PT Bank Rakyat Indonesia (Persero) Tbk memanfaatkan teknologi guna mengelola risiko kejahatan siber yang kian hari makin beragam.
Direktur Digital & Teknologi Informasi BRI, Arga M Nugraha mengatakan, BRI telah menggunakan AI (artificial intelligence) guna memahami pola pola fraud & threat yang terjadi, sehingga BRI dapat memberikan tindakan preventif serta respons yang cepat dan tepat untuk menghadapi risiko-risiko kejahatan siber seperti upaya pencurian data.
"Dalam pemilihan teknologi yang digunakan di BRI dipilih melalui metode yang tepat dengan mempertimbangkan hasil kajian dan analisis risiko. Sehingga teknologi yang digunakan untuk melindungi data nasabah merupakan teknologi yang dapat meminimalisir risiko kebocoran data," ujar Arga dalam keterangan tertulis yang diterima, Sabtu (18/6/2022).
Baca Juga: Laba BUMN Meroket 869%, Dirut BRI Apresiasi Kinerja Erick Thohir
Arga mengatakan, terkait perlindungan dan tata kelola data, BRI telah memiliki tata kelola yang baik mengacu kepada standar internasional yang menjadi acuan industri.
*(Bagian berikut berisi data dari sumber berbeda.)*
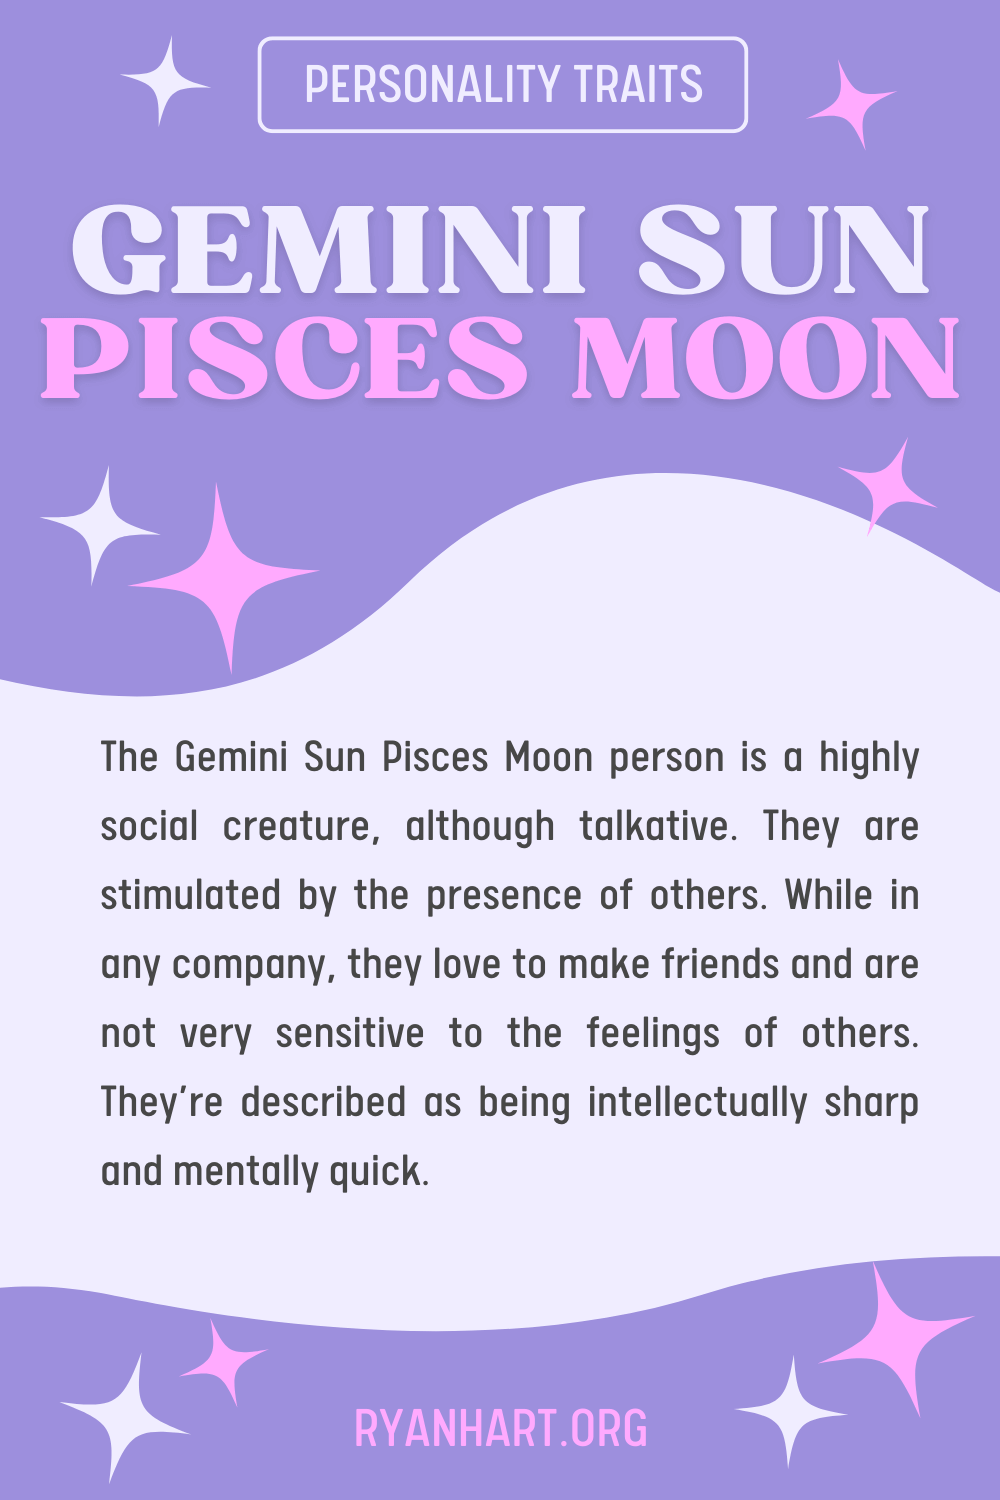 Gemini Sun Pisces Moon Description

Selain itu, BRI juga melakukan serangkaian tahapan pengecekan keamanan dari setiap teknologi yang akan digunakan sehingga dapat meminimalisasi celah keamanan yang mungkin terjadi.
Arga menjelaskan, BRI telah melakukan berbagai upaya guna menjamin keamanan data nasabah, baik dari segi people, process, maupun technology.
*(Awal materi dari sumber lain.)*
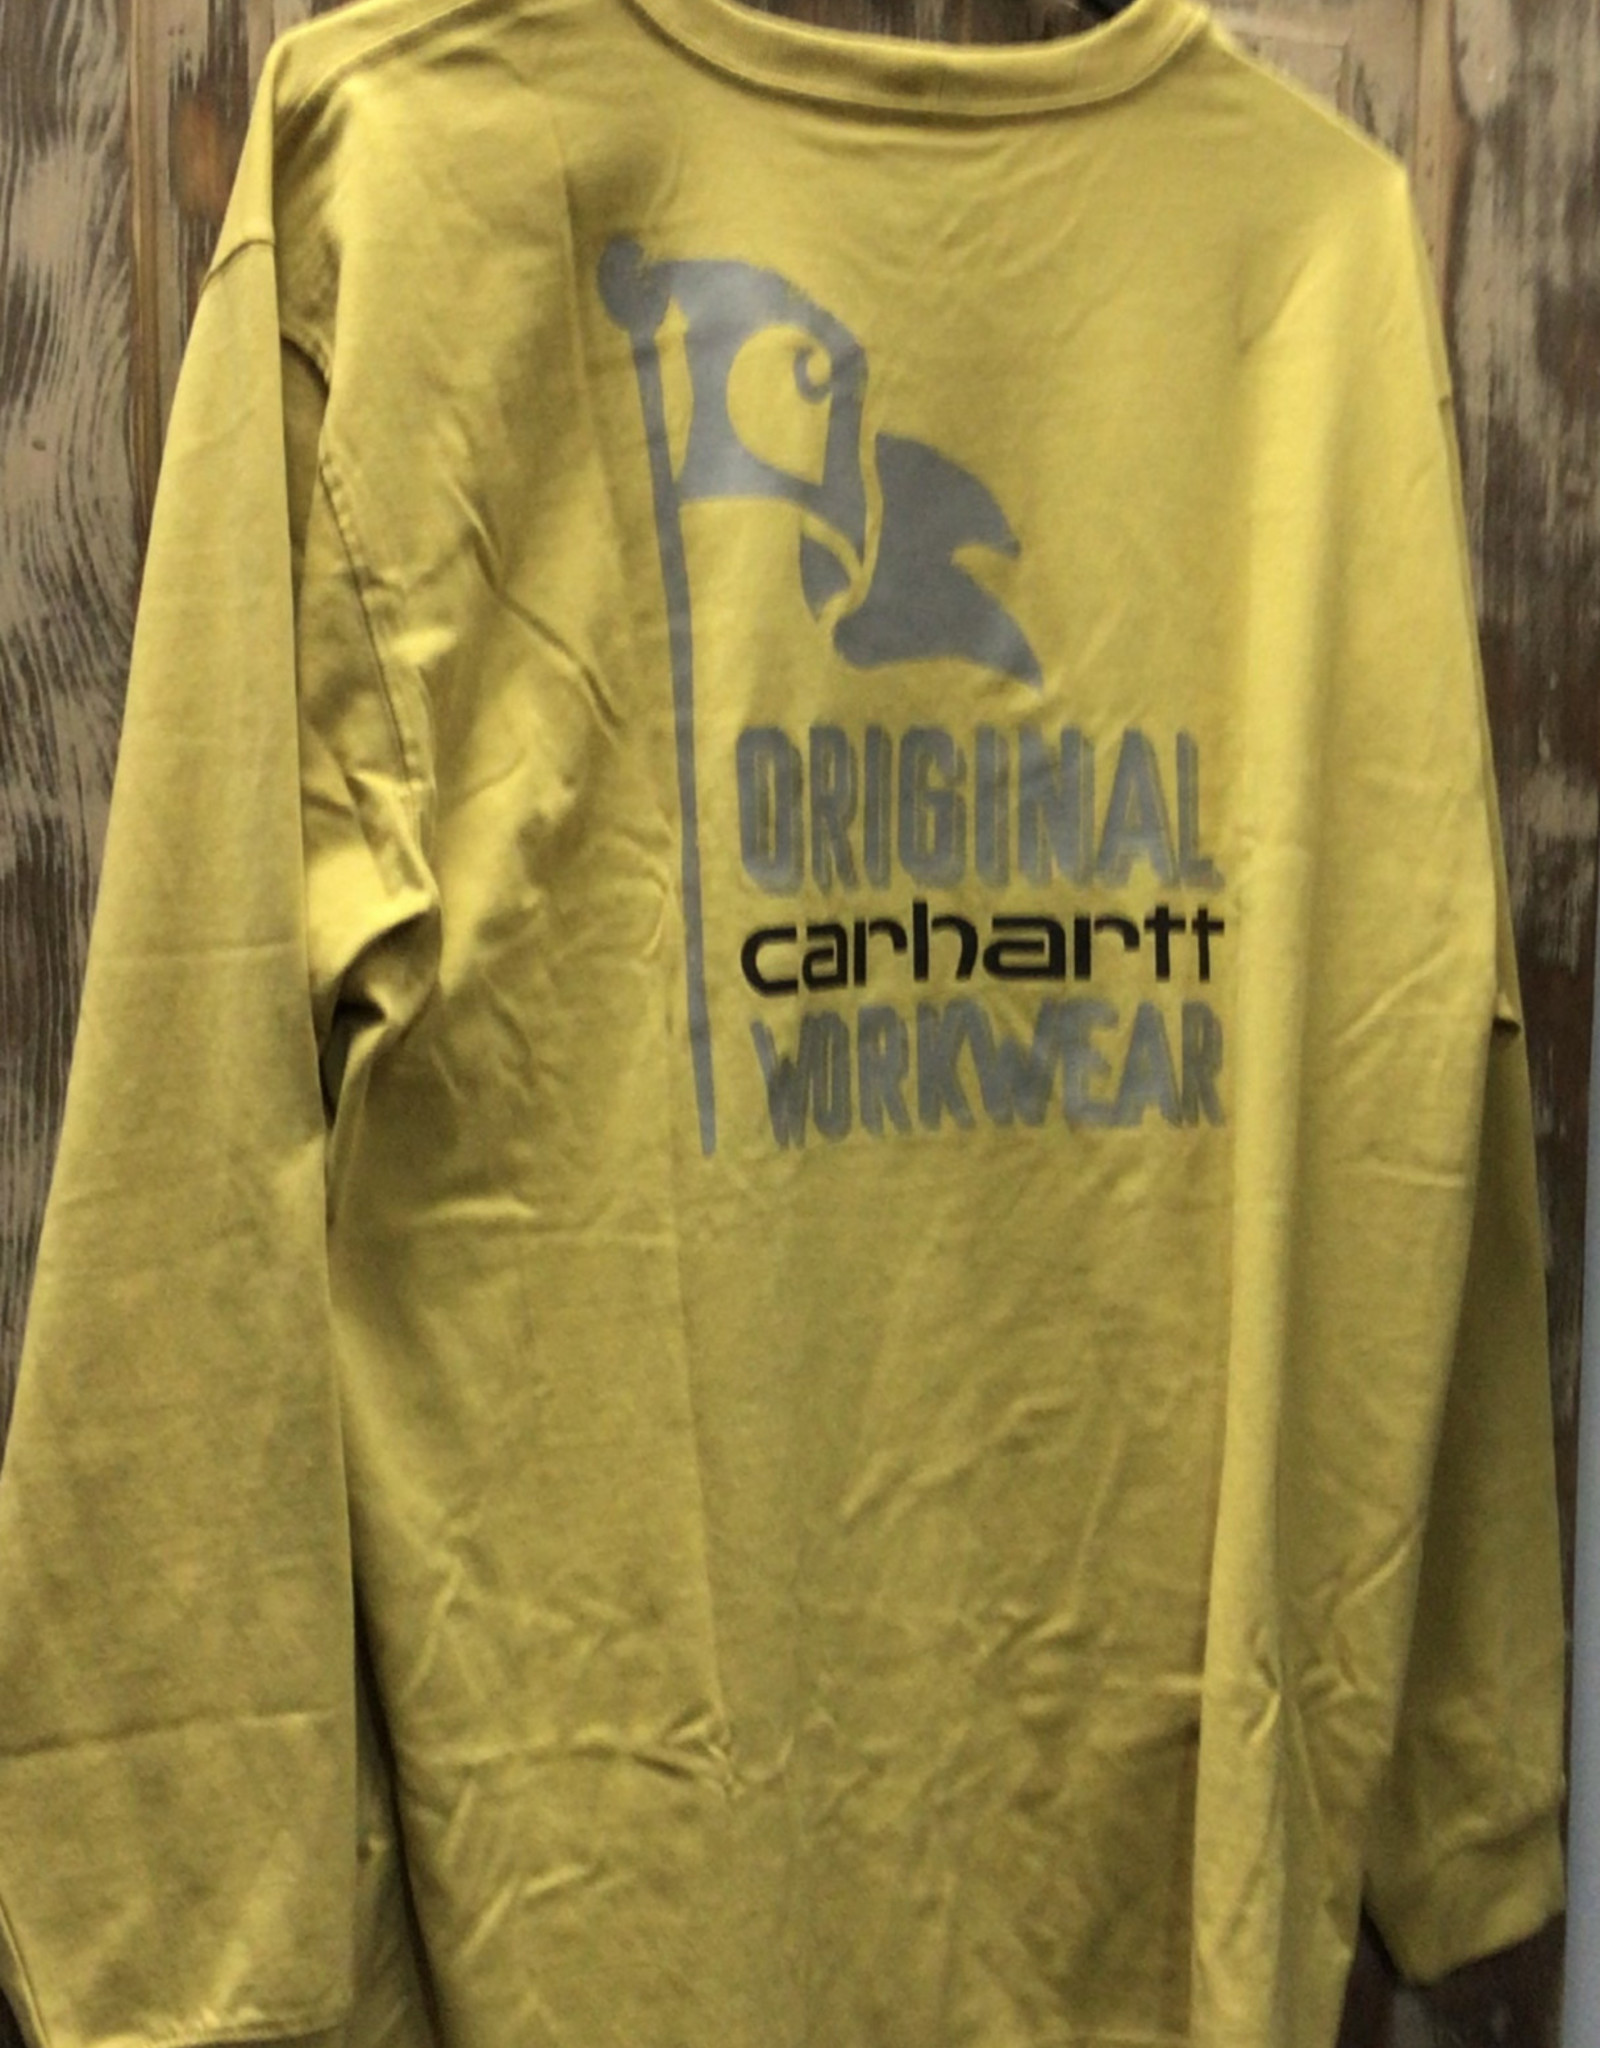 Carhartt Carhartt 104889 Loose Fit Heavy Weight L/S Flag Graphic T-Shirt Men’s

Dari sisi people, BRI telah membentuk organisasi khusus untuk menangani Information Security yang dikepalai oleh seorang Chief Information Security Officer (CISO) yang memiliki pengalaman dan keahlian di bidang Cyber Security.
Selain itu, BRI juga melakukan edukasi kepada pekerja BRI dan nasabah mengenai pengamanan data nasabah serta cara melakukan transaksi yang aman. Edukasi tersebut dilakukan melalui berbagai media antara lain media sosial (Youtoube, Twitter, Instagram) dan media cetak, serta edukasi ke pada nasabah saat nasabah datang ke unit kerja BRI.
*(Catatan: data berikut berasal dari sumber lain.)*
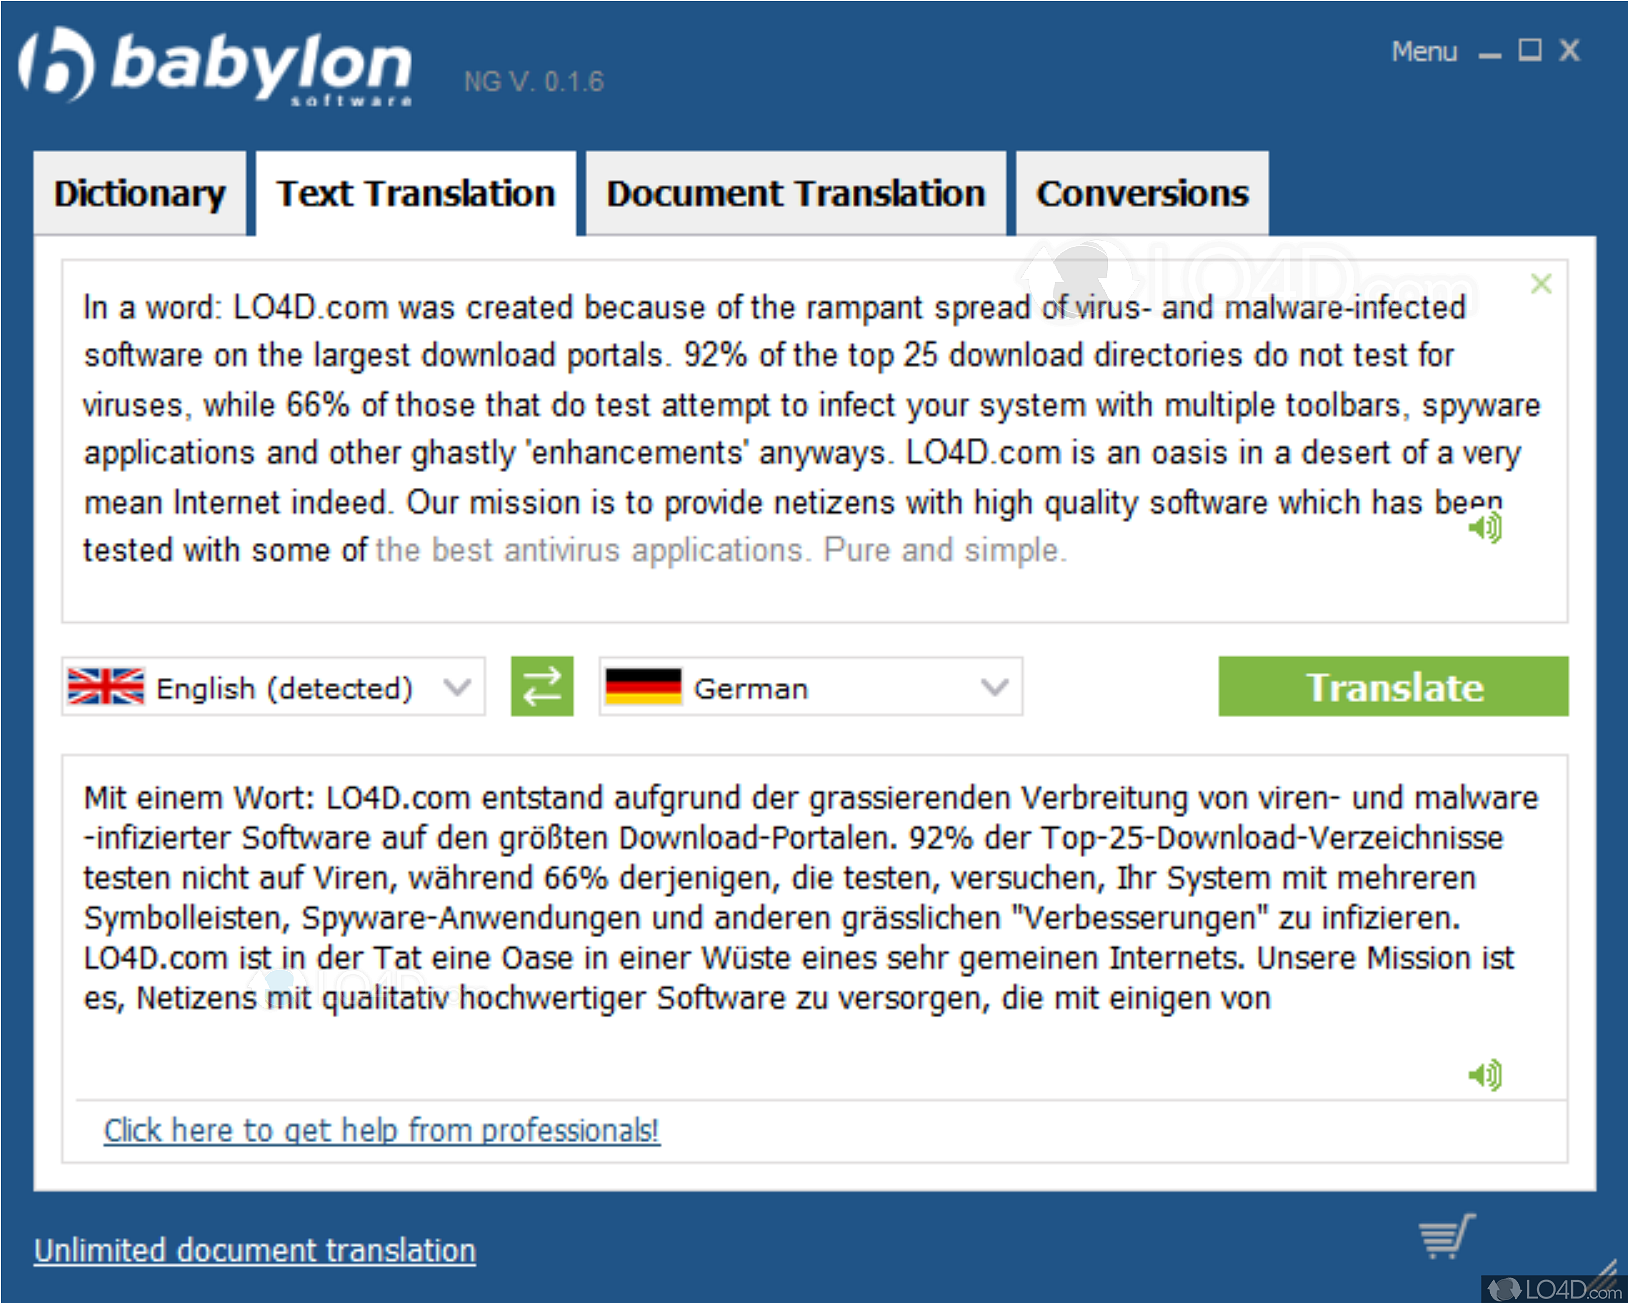 babylon dictionary 10

Untuk Incident Management terkait Data Privacy, dilaksanakan oleh unit kerja Information Security Desk dalam naungan Cyber Security Incident Response Team (CSIRT).
Dari sisi process, BRI sudah memiliki tata kelola pengamanan informasi yang mengacu kepada NIST cyber security framework, standar internasional, PCI DSS (Payment Card Industry Data Security Standard) dan kebijakan regulator POJK No.38/POJK.03/2016 tentang Penerapan Manajemen Risiko dalam Penggunaan Teknologi Informasi oleh Bank Umum.
"Untuk memastikan proses pengamanan informasi sudah berjalan dengan standar BRI melakukan beberapa sertifikasi seperti ISO27001:2013 (Big Data Analytics), ISO27001:2013 (Spacecraft Operation), ISO27001:2013 (OPEN API), ISO27001:2013 CIA (Cyber Intellegence Analysis Center Operation), ISO27001:2013 (Card Production), ISO27001:2013 (Data Center Facility), ISO20000-1:2018 (BRINet Express), PCI/PA DSS API (Direct Debit)," ujarnya.
Sedangkan dari sisi technology, BRI melakukan pengembangan teknologi keamanan informasi sesuai dengan framework NIST (identify, protect, detect, recover, respond) dengan tujuan meminimalisasi risiko kebocoran data nasabah dengan mencegah, mendeteksi dan memantau serangan siber.
Namun, Arga menyebut nasabah juga memiliki peran yang besar dalam menjaga kerahasian data pribadi dan data perbankannya.
"BRI terus mengimbau agar nasabah lebih berhati-hati dan tidak menginformasikan kerahasiaan data pribadi dan data perbankan, seperti nomor rekening, nomor kartu, PIN, user & password internet banking, OTP, dan sebagainya kepada orang lain termasuk yang mengatasnamakan BRI. Hal tersebut dikarenakan semakin beragamnya modus penipuan dan kejahatan perbankan yang dilakukan oleh pihak-pihak yang tidak bertanggung jawab," tutupnya.